We know the consequences of “reasonable pricing” from the past. The National Institutes of Health (NIH) and Public Health Service (PHS) inserted a “reasonable pricing clause” in Cooperation Research and Development Agreements (CRADAs) in 1989. The decline in CRADAs after the “reasonable pricing clause” was included in CRADAs was immediate, as private companies did not want to be subjected to what were effectively price controls.
The lack of participation from the private sector that was driven by the “reasonable pricing” scheme only hurt innovation. In April 1995, after studying the issue and hearing feedback from stakeholders, NIH Director Harold Varmus, M.D. terminated the “reasonable pricing clause.” He explained, “An extensive review of this matter over the past year indicated that the pricing clause has driven industry away from potentially beneficial scientific collaborations with PHS scientists without providing an offsetting benefit to the public.”
The NIH noted this experience with “reasonable pricing” in November 2021 and detailed that CRADAs increased by “four-fold” between FY 1996 and FY 2000 after the elimination of the “reasonable pricing clause” compared to FY 1991 and FY 1995, when the scheme was in place. As NIH explained, “We concluded that the primary stimulus for the increase in CRADAs most likely was the removal of the reasonable pricing clause[.]”
As noted, we have been here before. Unfortunately, no lessons have been learned, as evidenced by the Draft Interagency March-In Guidance Framework.

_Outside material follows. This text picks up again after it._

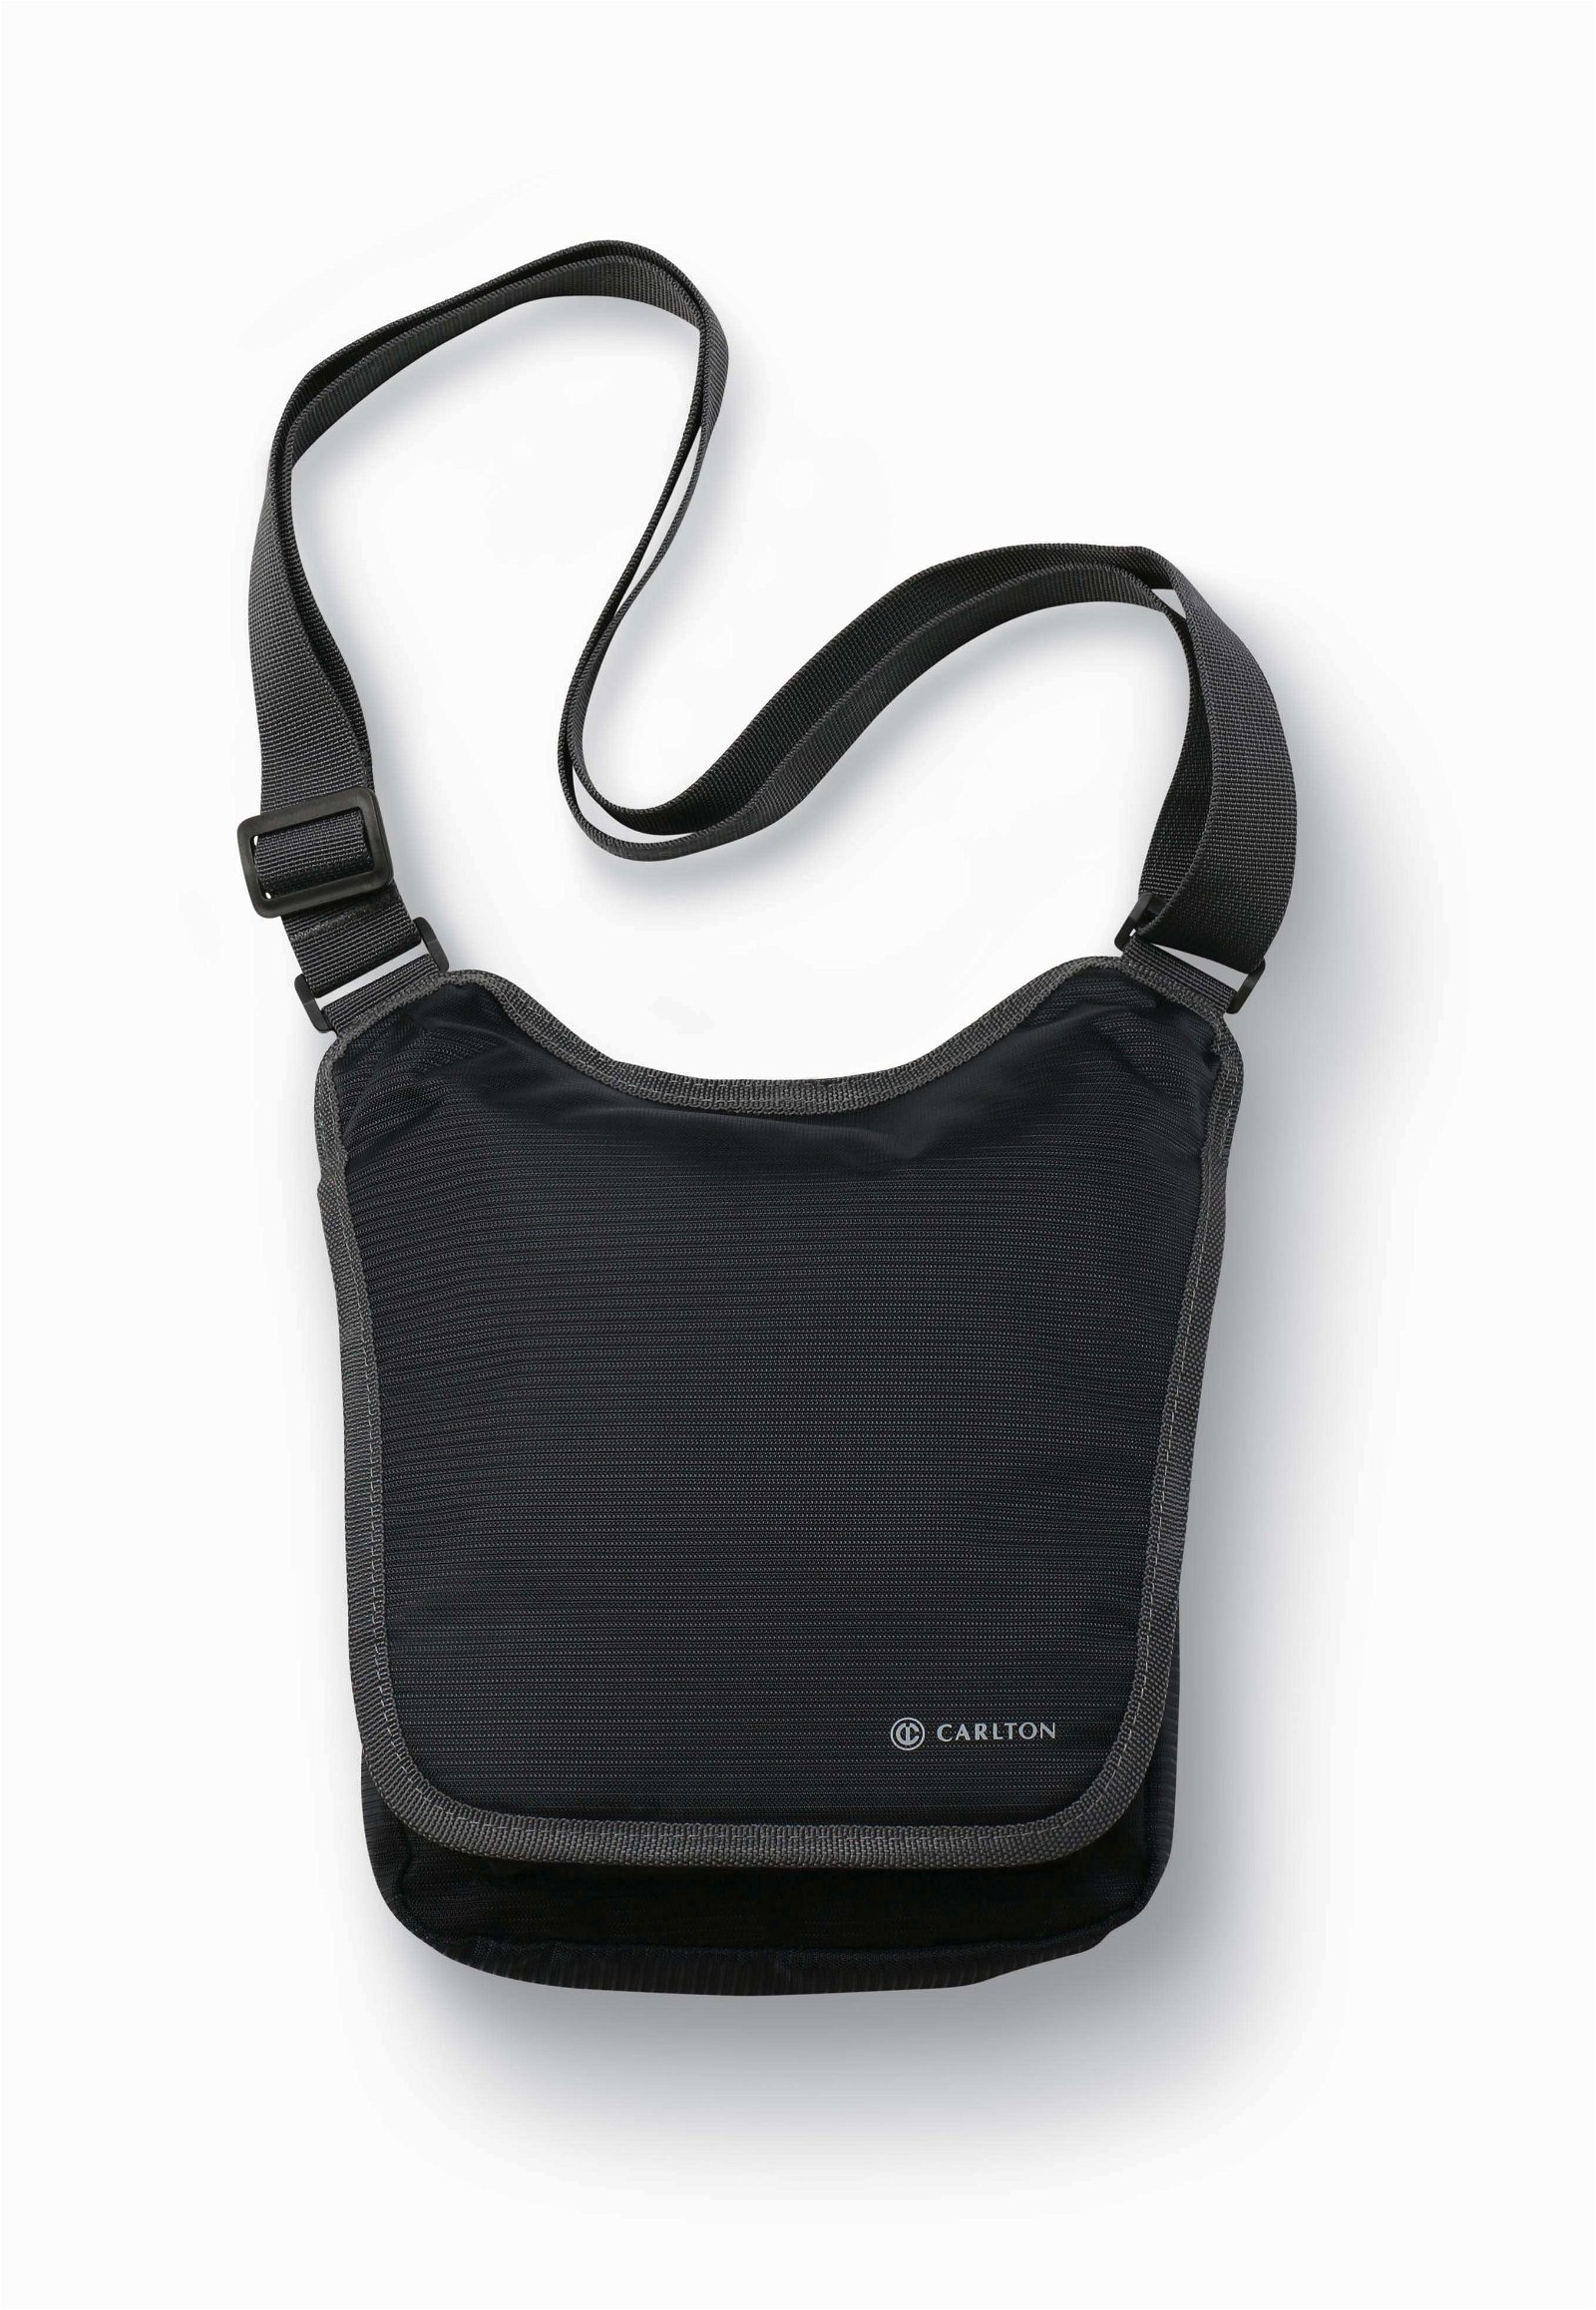 Carlton skulder taske

One of the questions to be considered under the Draft Interagency March-In Guidance Framework is, “Is the contractor or the licensee exploiting a health or safety need in order to set a product price that is extreme and unjustified given the totality of circumstances?” It also included other considerations, including, “It should be noted that in reviewing this question, the agency is not limited to reviewing price increases; the initial price may also be considered if it appears that the price is extreme, unjustified, and exploitative of a health or safety need.”
The Draft Interagency March-In Guidance Framework does not include any definitions of “extreme, unjustified, and exploitative of a health or safety need.” It does not include how such a price would be assessed or determined. It is ambiguous and, presumably, subjective to the whims of the federal agency.
The NIH has stated that “the extraordinary remedy of march-in is not an appropriate means of controlling prices.” That is a view that NIH has reiterated. The Congressional Budget Office has noted, “Empirical studies find that public-sector research tends to increase private R&D rather than to decrease it—that is, they are complements, not substitutes. Several recent studies have associated increases in NIH-funded basic research with increased private R&D efforts. One study found that in the decade following an increase in NIH funding, private R&D spending grew by about eight times as much as the increase in that funding. Another study found that for every two NIH research grants, about one new private-sector patent was awarded.”
It is ironic that the Bayh-Dole Act was signed when the United States economy struggled to gain momentum after the uncertainty of the 1970s. Today, the United States faces even more serious challenges—post-pandemic uncertainty, international competitiveness from unfriendly nations, and reactionary approaches to public policy that cast aside evidence and history for political expediency and short-term partisan wins. Administrative actions, such as the Draft Interagency March-In Guidance Framework, will undermine the United States, exacerbate the existing sense of uncertainty, and make us less internationally competitive at a time when we need to unleash the forces of innovation.
Thank you for your consideration of these views.